There has been a great deal of fascination with the Lewis Revival over the years. Even my last blog on the subject drew 14,000 visitors over 48 hours. That number alone tells me something: the revival is not merely an event confined to the Hebrides of the mid-twentieth century, but a living symbol, a flame that still flickers in the imagination of believers and seekers alike.

Why such interest? Perhaps it is because the Lewis Revival suggests something beyond the ordinary—that thin place where the metaphysical touches the real, where God and Christ are palpably at work in the lives of men and women. In those moments, eternity seems to break through the veil of time.

But perhaps the hunger is also simpler, more human. Many of us who are Christians feel an ache to belong to a spiritual community that is uncluttered and sincere, where neighbours walk in step with one another, not only in daily labour but in their reverence for God. A rural community where morality is not enforced by policy but breathed in like the sea air; where love for God is not a performance but the pulse of the village.

This yearning is not unlike what C.S. Lewis described as Joy—not mere happiness, but those fleeting, piercing moments when we are suddenly aware of our exile on this earth. Lewis believed that such Joy is a signpost pointing us towards another country, another kingdom, a home that is not yet but is deeply desired. When we long for revival, for purity of worship, for unvarnished faith, we are really longing for Christ’s kingdom breaking into this world.

The Lewis Revival reminds us that we are not made for endless distraction or the hollow promises of modernity. We are made for awe. The people of Lewis did not conjure revival through program or persuasion; rather, it descended, as sudden and unbidden as a storm at sea, rearranging lives in its wake. That is why it still grips our imagination.
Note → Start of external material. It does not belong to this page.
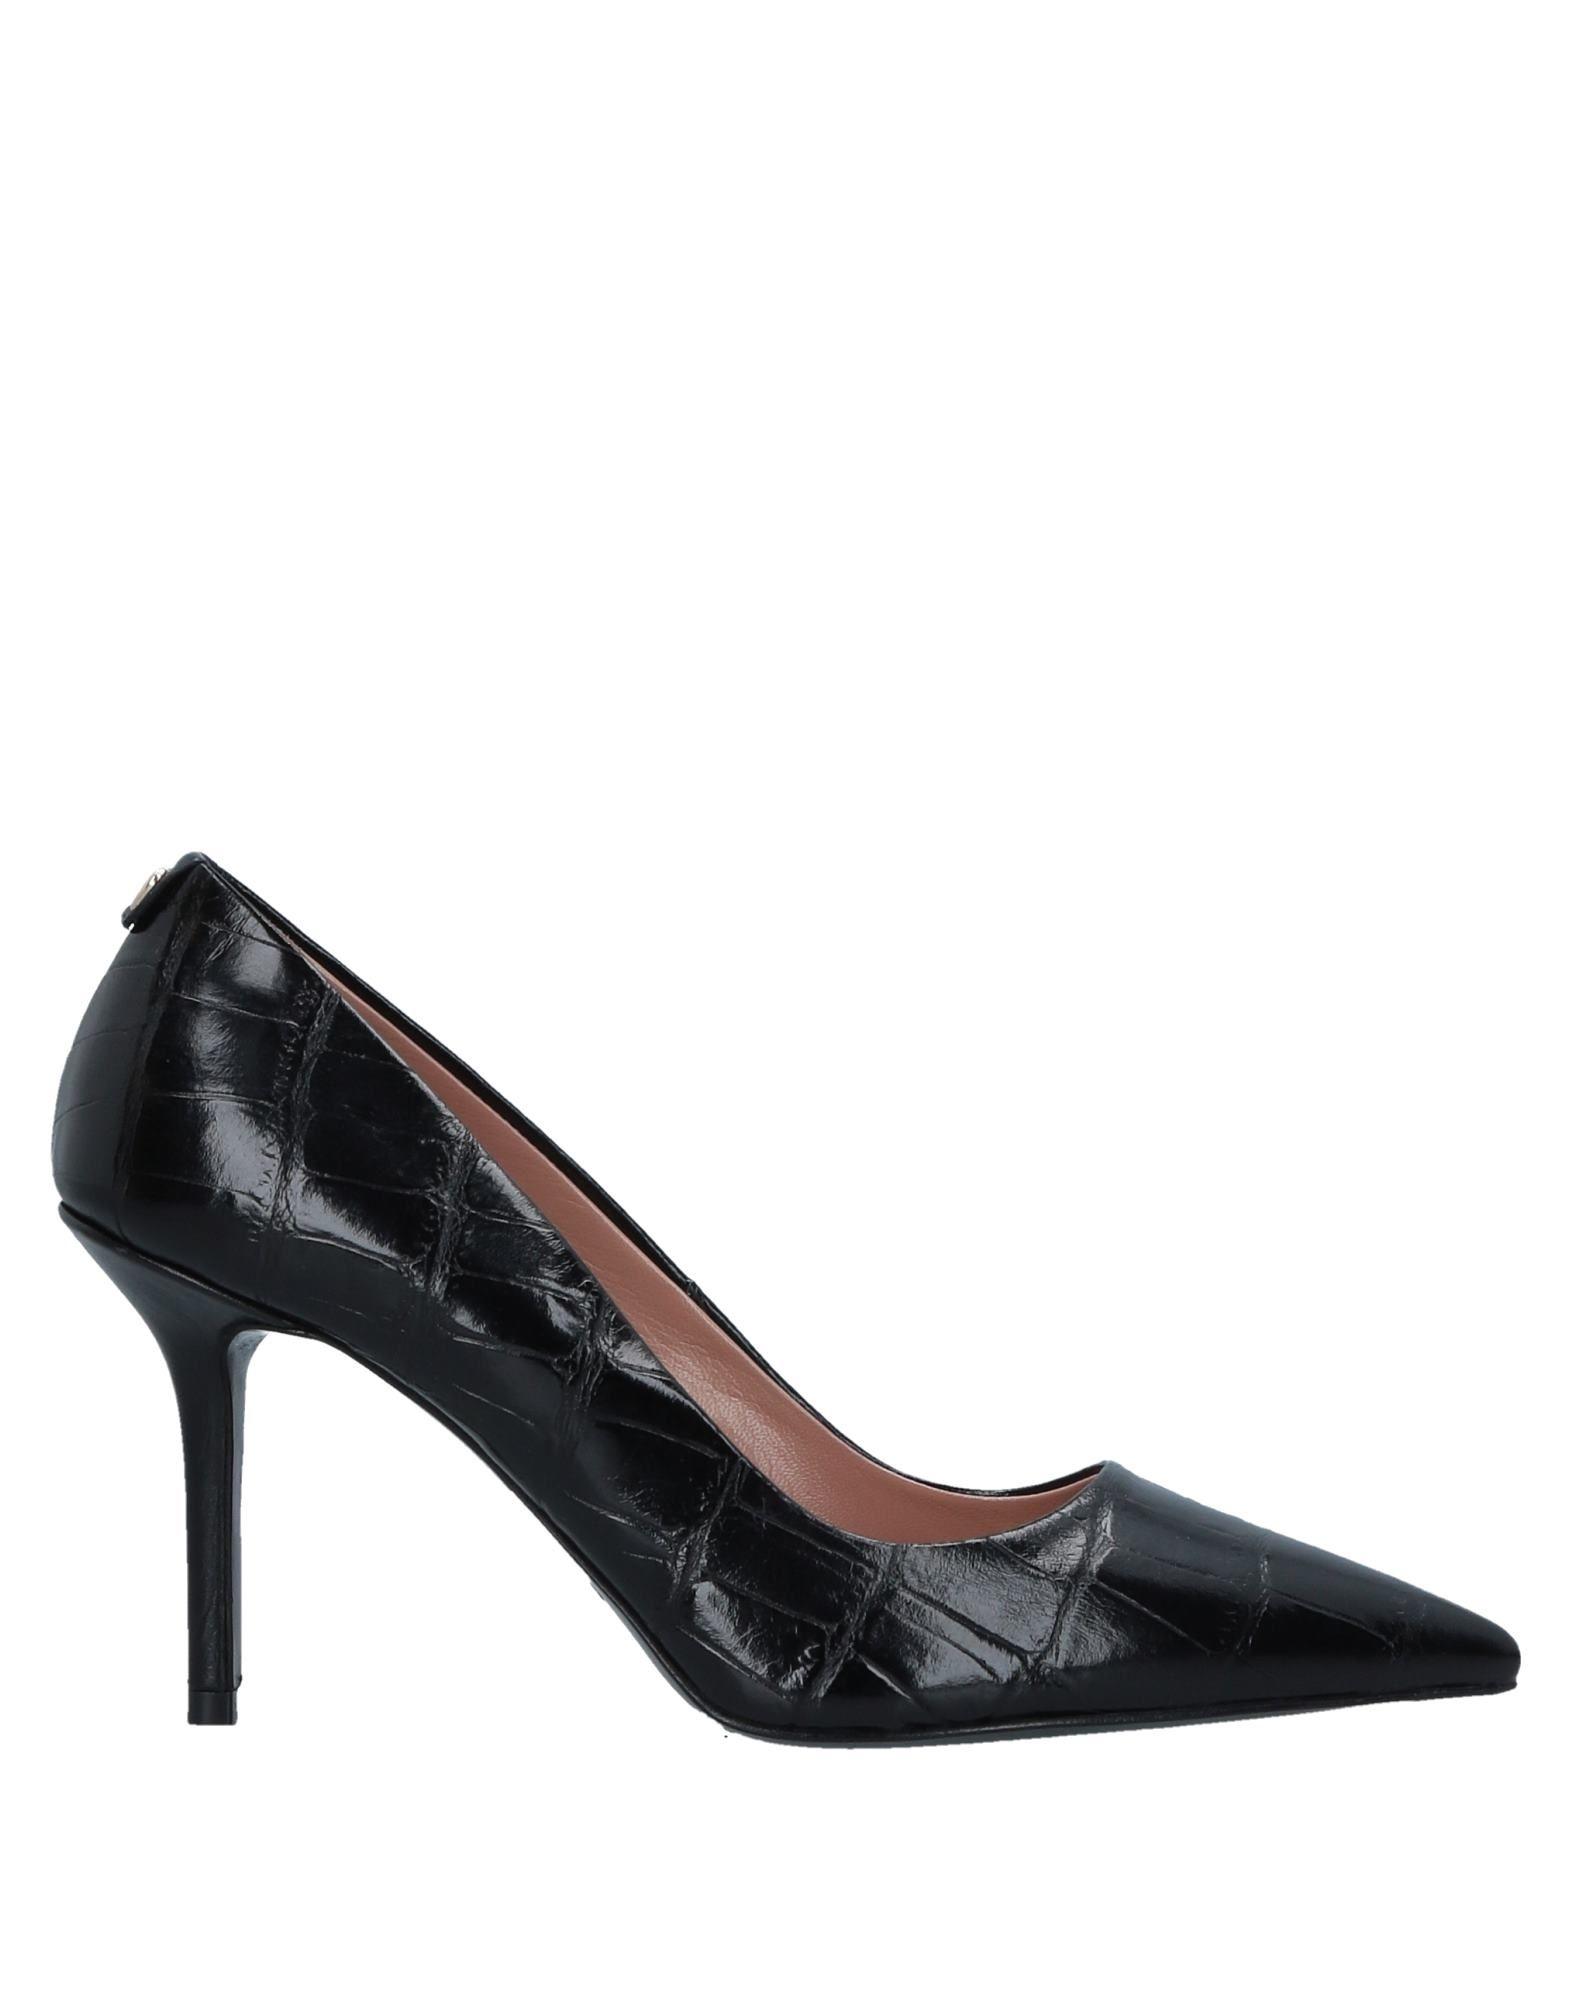 Haltbare Mode billige Schuhe Twin 11529708EW Beliebte Schuhe

It whispers that God still moves, that heaven is not silent, that Europe—indeed, the whole world—is not beyond the touch of renewal.

More than ever, I believe we need such a revival in Europe today. A continent that once carried the torch of Christendom now seems dimmed by cynicism and forgetfulness. But what if, as in Lewis, revival was to break through again? What if amidst the ruins of our fractured societies, the Spirit were to stir hearts anew? It would not be a return to the past, but a foretaste of the Kingdom to come.

The Lewis Revival was not a quaint chapter in Scottish religious history. It was a reminder that God is not finished with us. Its echoes call us to lift our eyes from the dust of this world and remember that our truest belonging is elsewhere—in the Kingdom where love, justice, and joy will run as deeply as the peat fires of Lewis once burned in the hearths of its people.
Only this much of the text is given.